<<<<
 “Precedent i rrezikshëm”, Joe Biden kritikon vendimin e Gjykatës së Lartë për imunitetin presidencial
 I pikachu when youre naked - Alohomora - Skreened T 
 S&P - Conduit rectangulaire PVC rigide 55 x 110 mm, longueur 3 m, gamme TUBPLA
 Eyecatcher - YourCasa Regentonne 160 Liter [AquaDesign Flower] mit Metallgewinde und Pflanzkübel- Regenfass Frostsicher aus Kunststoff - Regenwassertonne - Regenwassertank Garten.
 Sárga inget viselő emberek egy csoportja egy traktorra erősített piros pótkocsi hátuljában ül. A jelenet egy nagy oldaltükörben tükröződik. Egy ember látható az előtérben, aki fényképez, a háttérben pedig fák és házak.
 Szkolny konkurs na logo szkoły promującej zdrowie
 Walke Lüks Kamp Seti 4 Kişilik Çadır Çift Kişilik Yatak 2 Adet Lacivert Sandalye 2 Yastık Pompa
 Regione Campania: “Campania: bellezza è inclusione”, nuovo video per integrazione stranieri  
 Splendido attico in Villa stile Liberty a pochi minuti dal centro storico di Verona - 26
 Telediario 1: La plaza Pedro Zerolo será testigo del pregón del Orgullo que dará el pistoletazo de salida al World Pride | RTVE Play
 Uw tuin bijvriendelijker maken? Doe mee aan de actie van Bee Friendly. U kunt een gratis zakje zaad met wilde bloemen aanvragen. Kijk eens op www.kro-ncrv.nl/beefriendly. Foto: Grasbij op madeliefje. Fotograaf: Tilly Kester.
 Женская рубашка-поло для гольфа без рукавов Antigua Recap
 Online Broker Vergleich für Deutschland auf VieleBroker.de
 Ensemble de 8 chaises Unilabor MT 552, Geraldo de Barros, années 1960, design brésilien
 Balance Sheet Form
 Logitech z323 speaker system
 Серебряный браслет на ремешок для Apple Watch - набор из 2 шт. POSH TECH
>>>>
Problem:
Nothing added, nothing dropped: copy the data above.

Solved exercise:
 “Precedent i rrezikshëm”, Joe Biden kritikon vendimin e Gjykatës së Lartë për imunitetin presidencial
 I pikachu when youre naked - Alohomora - Skreened T 
 S&P - Conduit rectangulaire PVC rigide 55 x 110 mm, longueur 3 m, gamme TUBPLA
 Eyecatcher - YourCasa Regentonne 160 Liter [AquaDesign Flower] mit Metallgewinde und Pflanzkübel- Regenfass Frostsicher aus Kunststoff - Regenwassertonne - Regenwassertank Garten.
 Sárga inget viselő emberek egy csoportja egy traktorra erősített piros pótkocsi hátuljában ül. A jelenet egy nagy oldaltükörben tükröződik. Egy ember látható az előtérben, aki fényképez, a háttérben pedig fák és házak.
 Szkolny konkurs na logo szkoły promującej zdrowie
 Walke Lüks Kamp Seti 4 Kişilik Çadır Çift Kişilik Yatak 2 Adet Lacivert Sandalye 2 Yastık Pompa
 Regione Campania: “Campania: bellezza è inclusione”, nuovo video per integrazione stranieri  
 Splendido attico in Villa stile Liberty a pochi minuti dal centro storico di Verona - 26
 Telediario 1: La plaza Pedro Zerolo será testigo del pregón del Orgullo que dará el pistoletazo de salida al World Pride | RTVE Play
 Uw tuin bijvriendelijker maken? Doe mee aan de actie van Bee Friendly. U kunt een gratis zakje zaad met wilde bloemen aanvragen. Kijk eens op www.kro-ncrv.nl/beefriendly. Foto: Grasbij op madeliefje. Fotograaf: Tilly Kester.
 Женская рубашка-поло для гольфа без рукавов Antigua Recap
 Online Broker Vergleich für Deutschland auf VieleBroker.de
 Ensemble de 8 chaises Unilabor MT 552, Geraldo de Barros, années 1960, design brésilien
 Balance Sheet Form
 Logitech z323 speaker system
 Серебряный браслет на ремешок для Apple Watch - набор из 2 шт. POSH TECH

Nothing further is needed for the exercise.